Progressive Mitochondrial Dysfunction of Striatal Synapses in R6/2 Mouse Model of Huntington's Disease

Background: Huntington's disease (HD) is a neurodegenerative disorder characterized by synaptic dysfunction and loss of white matter volume especially in the striatum of the basal ganglia and to a lesser extent in the cerebral cortex. Studies investigating heterogeneity between synaptic and non-synaptic mitochondria have revealed a pronounced vulnerability of synaptic mitochondria, which may lead to synaptic dysfunction and loss. Objective: As mitochondrial dysfunction is a hallmark of HD pathogenesis, we investigated synaptic mitochondrial function from striatum and cortex of the transgenic R6/2 mouse model of HD. Methods: We assessed mitochondrial volume, ROS production, and antioxidant levels as well as mitochondrial respiration at different pathological stages.

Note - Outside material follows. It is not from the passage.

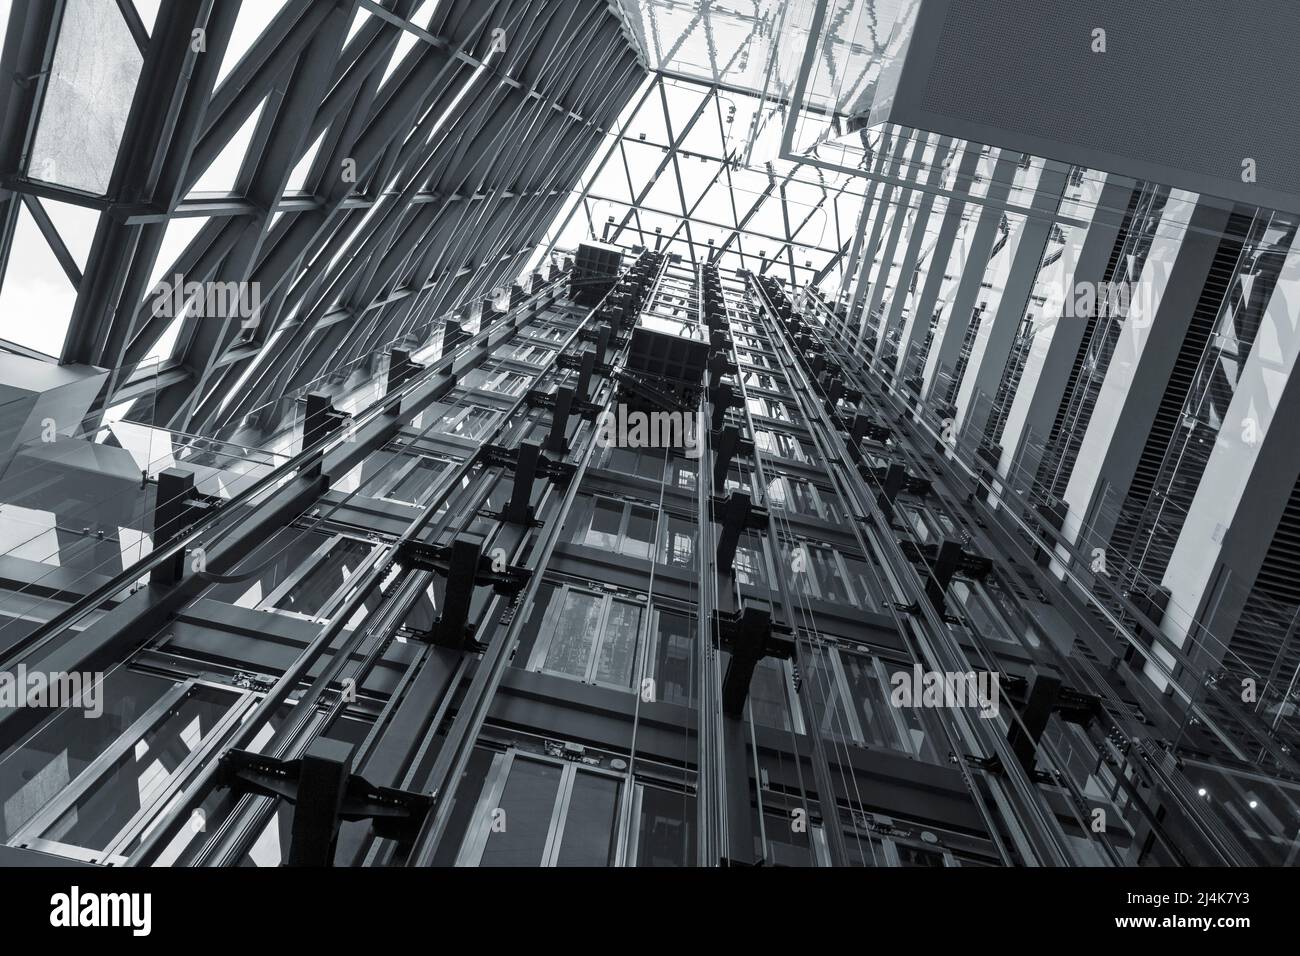 Arrière-plan moderne en acier et structure métallique abstraite, image noir et blanc à contraste élevé Banque D'Images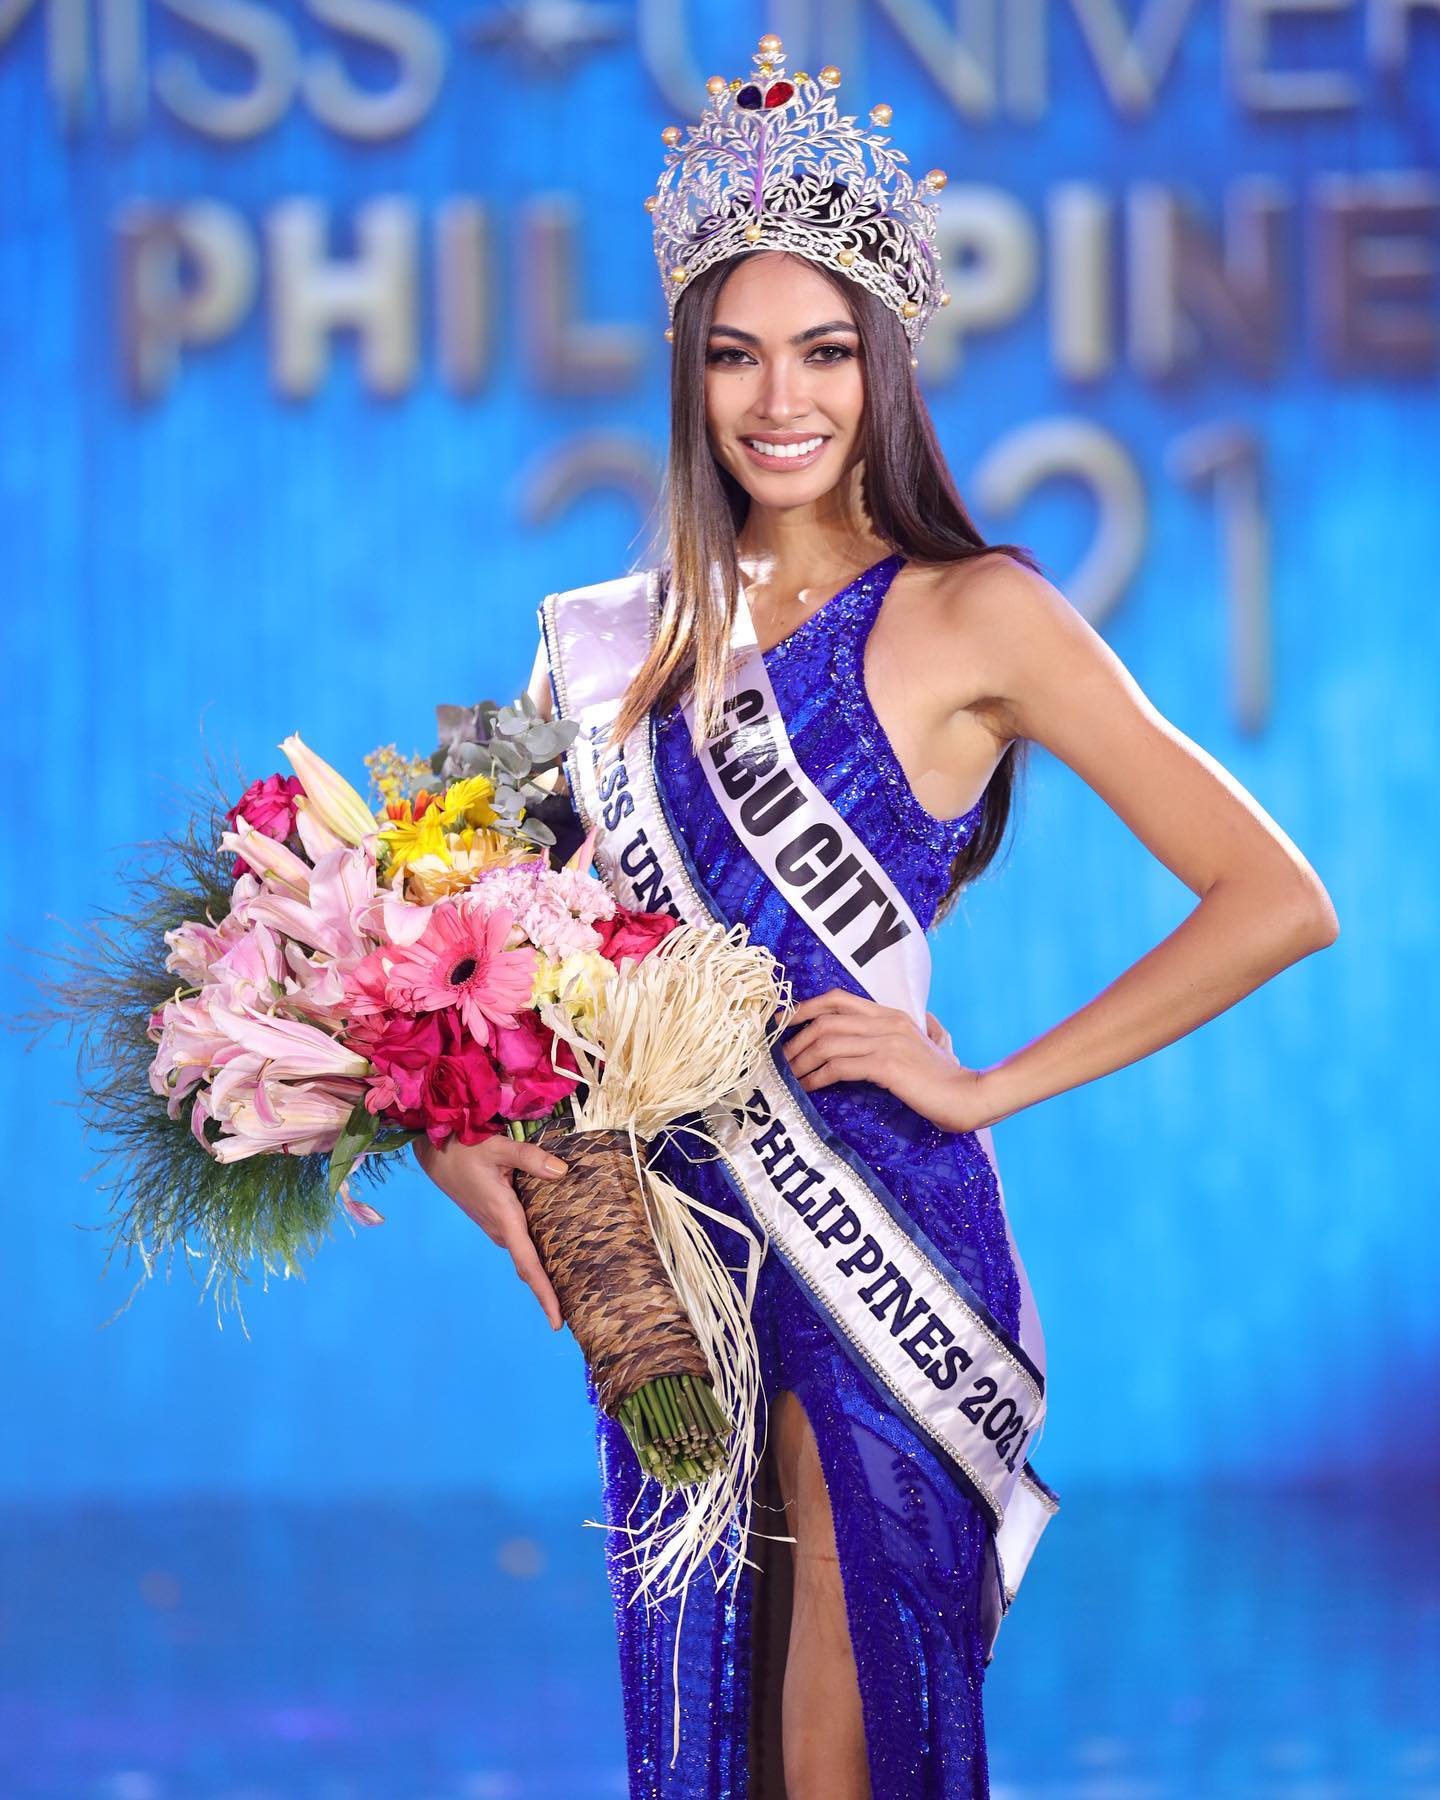 Hoa hậu Hoàn vũ Philippines khi mới đăng quang. Cô sẽ tham dự Miss Universe ở Israel cuối năm nay. Ảnh: Facebook Beatrice Luigi Gomez

Results: Our results reveal that striatal synaptic mitochondria are more severely affected by HD pathology than those of the cortex. Striatal synaptosomes of R6/2 mice displayed a reduction in mitochondrial mass coinciding with increased ROS production and antioxidants levels indicating prolonged oxidative stress. Furthermore, synaptosomal oxygen consumption rates were significantly increased during depolarizing conditions, which was accompanied by a marked increase in mitochondrial proton leak of the striatal synaptosomes, indicating synaptic mitochondrial stress. Conclusion: Overall, our study provides new insight into the gradual changes of synaptic mitochondrial function in HD and suggests compensatory mitochondrial actions to maintain energy production in the HD brain, thereby supporting that mitochondrial dysfunction do indeed play a central role in early disease progression of HD.

Automated summary

This study reveals that synaptic mitochondria in the striatum are more severely affected by Huntington's disease pathology than those in the cortex, leading to increased oxygen consumption and mitochondrial proton leak of striatal synaptosomes.